Using the incredible and infinitely useful DB Browser for SQLite, I have been able to explore the data and find all sorts of fun information.

Total hours streamed

3929 hours streamed over 12 years - in those 12 years, I have spent 163 full days listening to music on Spotify.

SELECT
    COUNT(*),
    printf("%.2f", SUM(ms_played) / 3600000.) AS hours
FROM song

Tracks streamed and total hours listened per year:

Peaked in 2015 with 509, but well on my way in 2023 with 438 already.

SELECT
    COUNT(*),
    printf("%.2f", SUM(ms_played) / 3600000.) AS hours,
    strftime('%Y', created_at) year
FROM song
GROUP BY year

Thanks to Designcise on how to access the year from timestamps in Sqlite.

Who is my top artist by streaming time?

Brian Eno for the win with a whopping 949 hours. Mr Eno and I have spent well over a month solid together at 40 complete days of music.

SELECT
    artist_name,
    COUNT(*) as count,
    SUM(ms_played) / 3600000. AS hours
FROM song
GROUP BY
    artist_name
ORDER BY
    hours DESC

Top track from Brian Eno?

Thursday Afternoon with 419 streams for 674 hours (this is my study/work/chill jam of all time as noted already here)

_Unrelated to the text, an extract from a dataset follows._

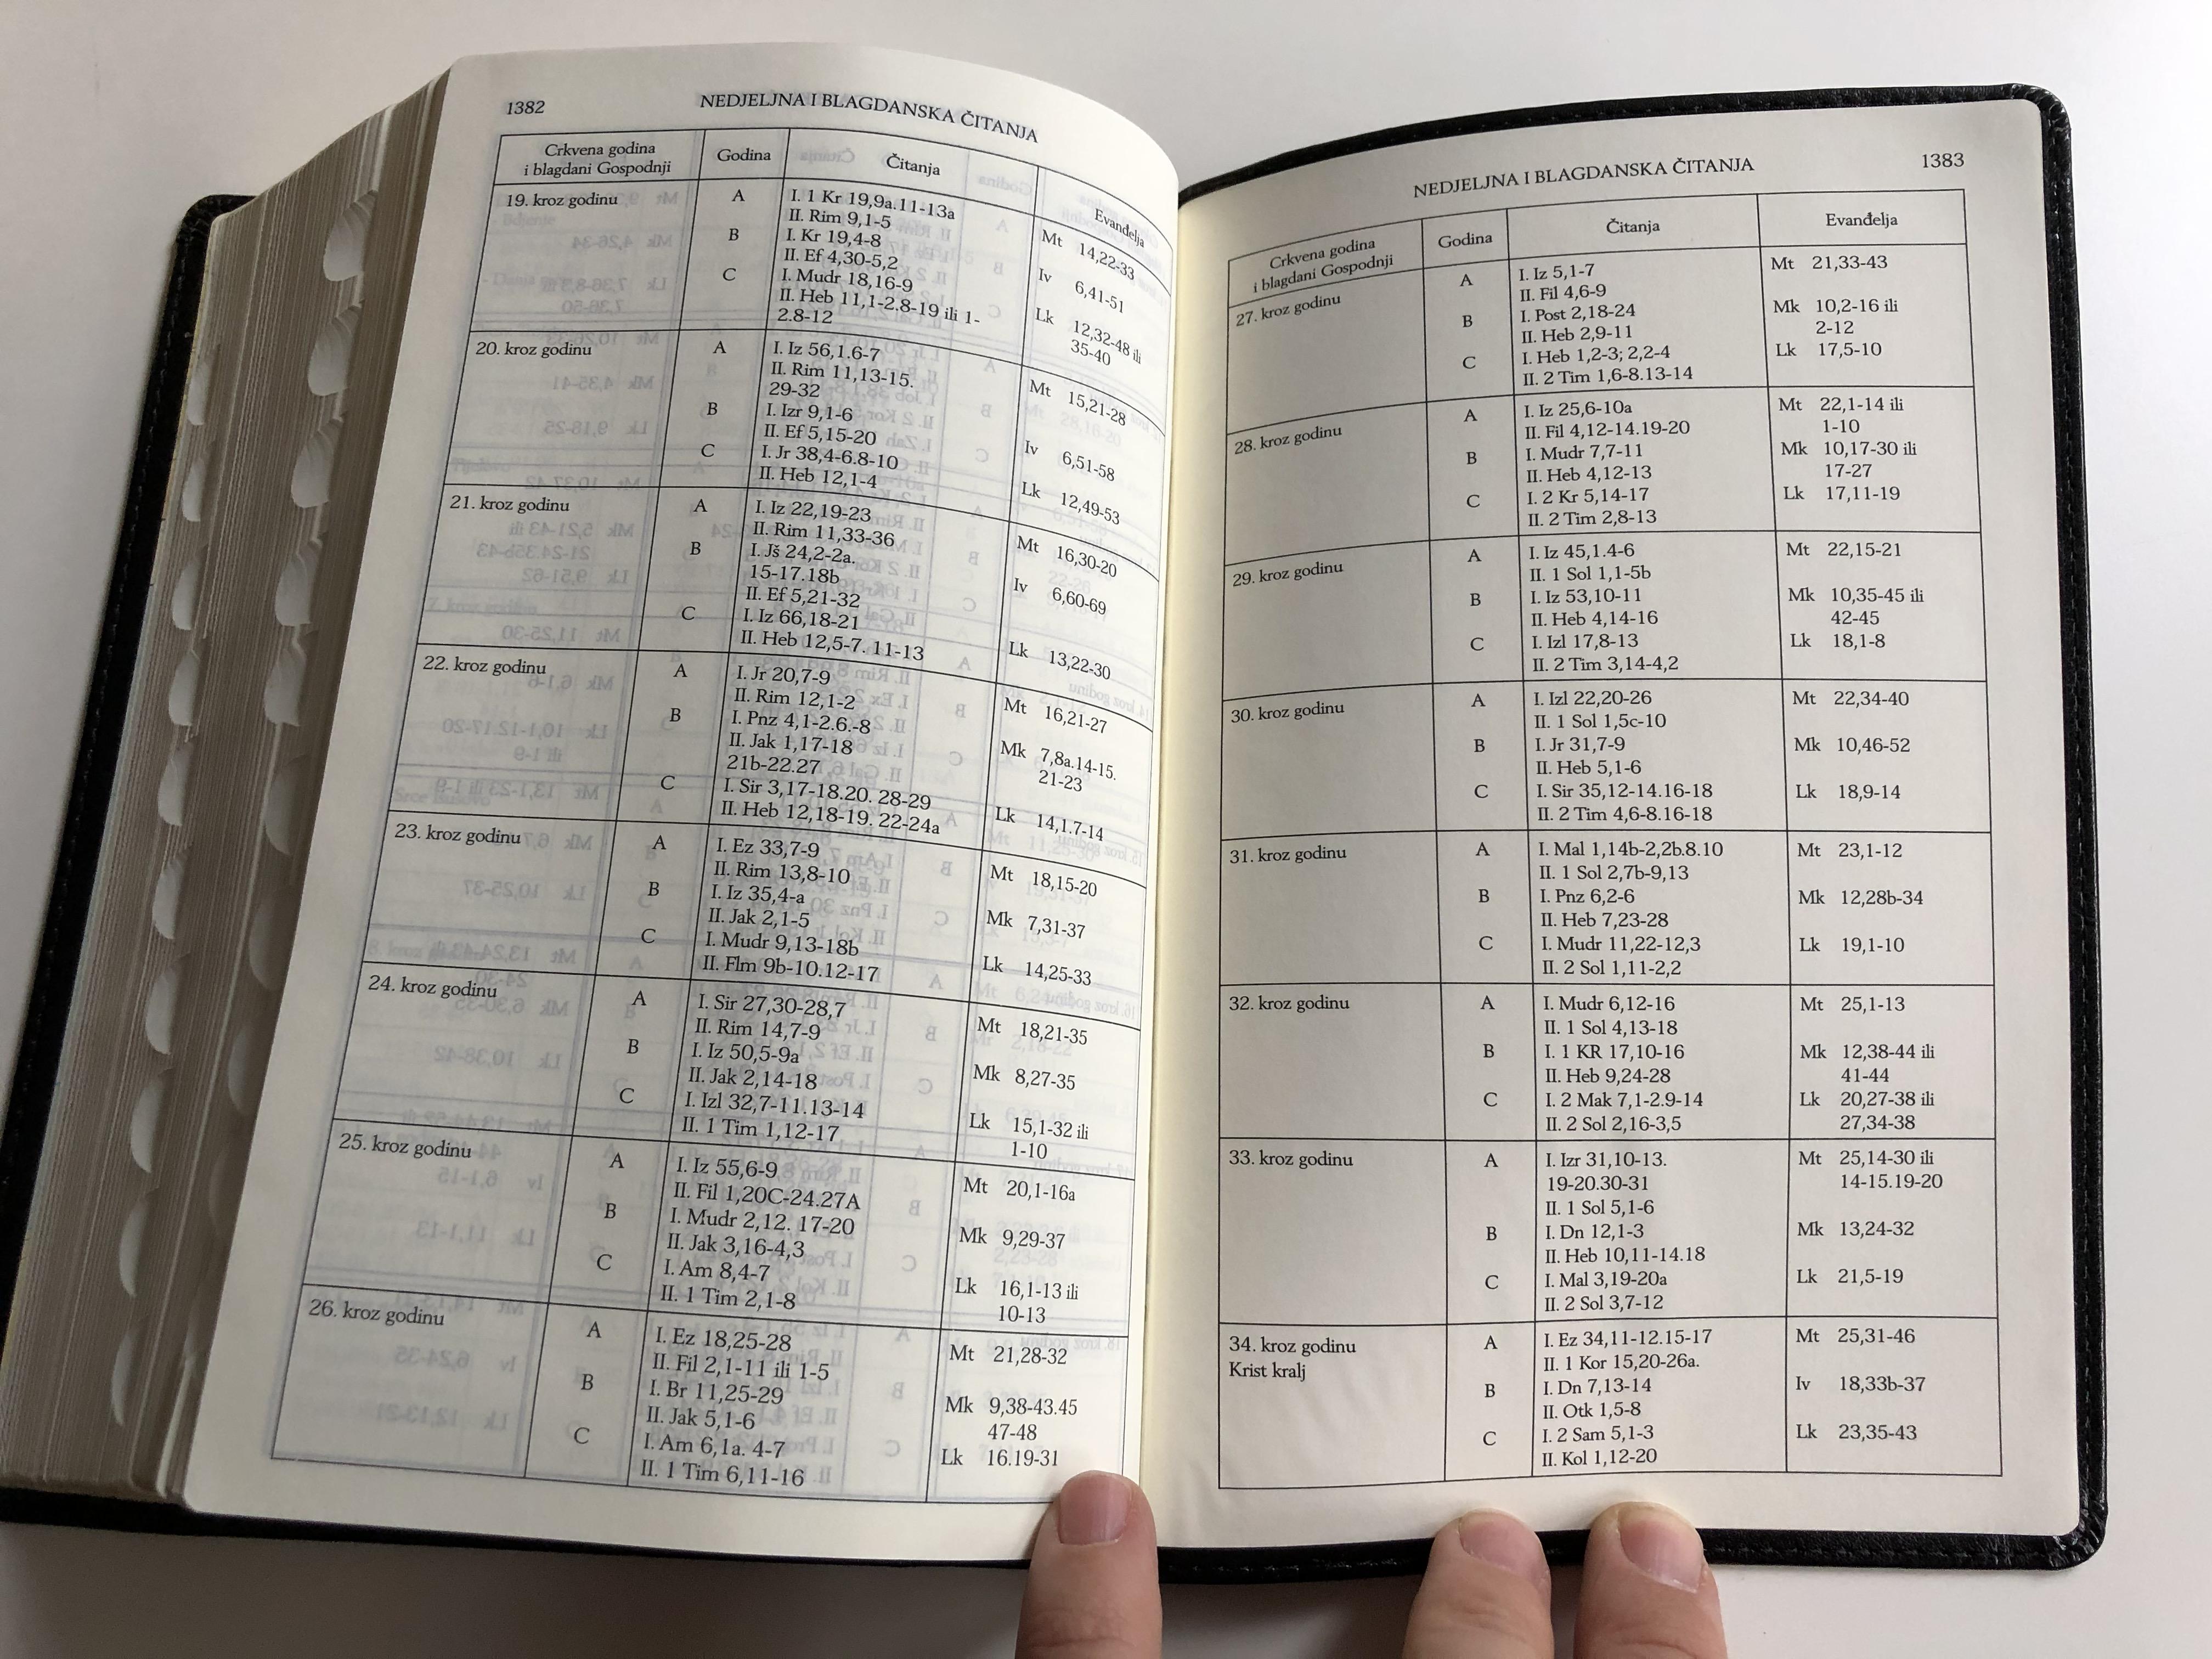 black-leather-bound-croatian-holy-bible-biblija-sveto-pismo-staroga-i-novoga-zavjeta-15.jpg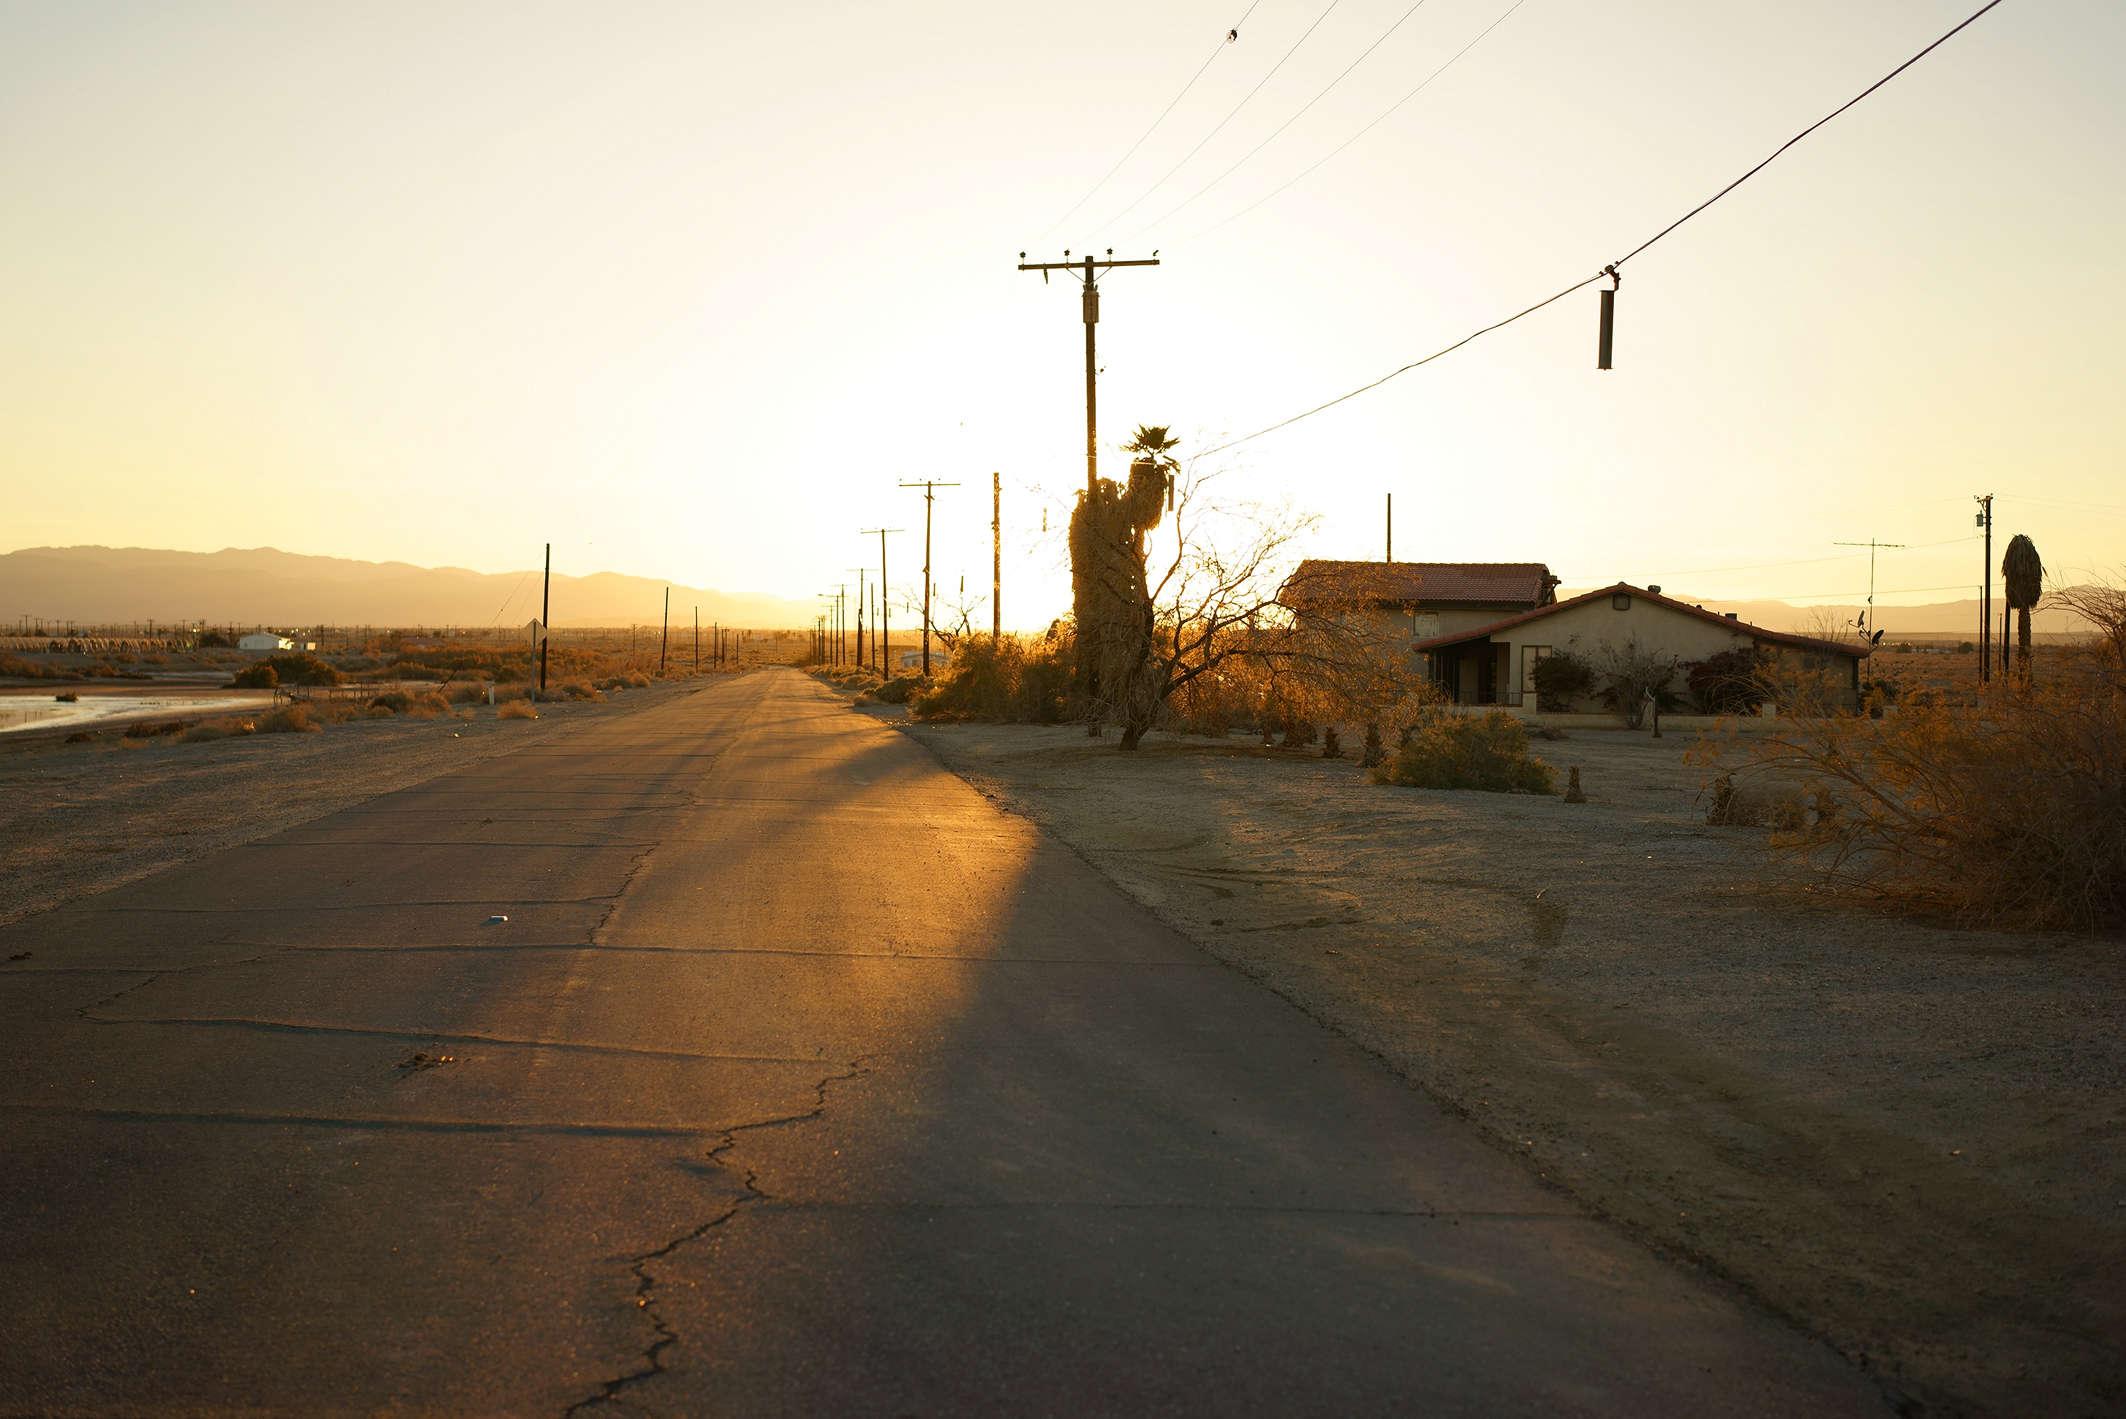 La plupart des habitants ont quitté les rives du lac. Mais si celui-ci continue de s'assécher, libérant les phosphates et pesticides contenus dans son fond, c'est un million et demi d'Américains qui devront fuir la vallée de Coachella.

The song is exactly one hour long, so that math does not quite add up. My hypothesis is that this is due to me restarting the song to near the beginning using the progress slider instead of the track skip buttons, which must not register as a new stream.

Second place is Reflection with 162 streams for 244 hours.

SELECT
    track_name,
    artist_name,
    COUNT(*) as count,
    SUM(ms_played) / 3600000. AS hours
FROM song
WHERE
    artist_name = "Brian Eno"
GROUP BY
    track_name
ORDER BY
    hours DESC

Top 5 artists by stream count

  1. Disasterpeace - 1376
  2. Brian Eno - 1106
  3. Qumu - 946
  4. Hans Zimmer - 899
  5. Big Giant Circles - 775
SELECT
    artist_name,
    COUNT(*) as count,
    SUM(ms_played) / 3600000. AS hours
FROM song
GROUP BY
    artist_name
ORDER BY
    count DESC
LIMIT 5

Who knows what other goodies await?

I plan to keep digging to see what I can unearth in my listening habits. I hope to rediscover some artists and albums from my early streaming years that have fallen off my map.

I also want to bring this data online in a searchable, filterable, chartable fashion - brainstorming what that would take.

TBD on how long Spotify enforces between requests - maybe I can refresh my data every 6 months or so.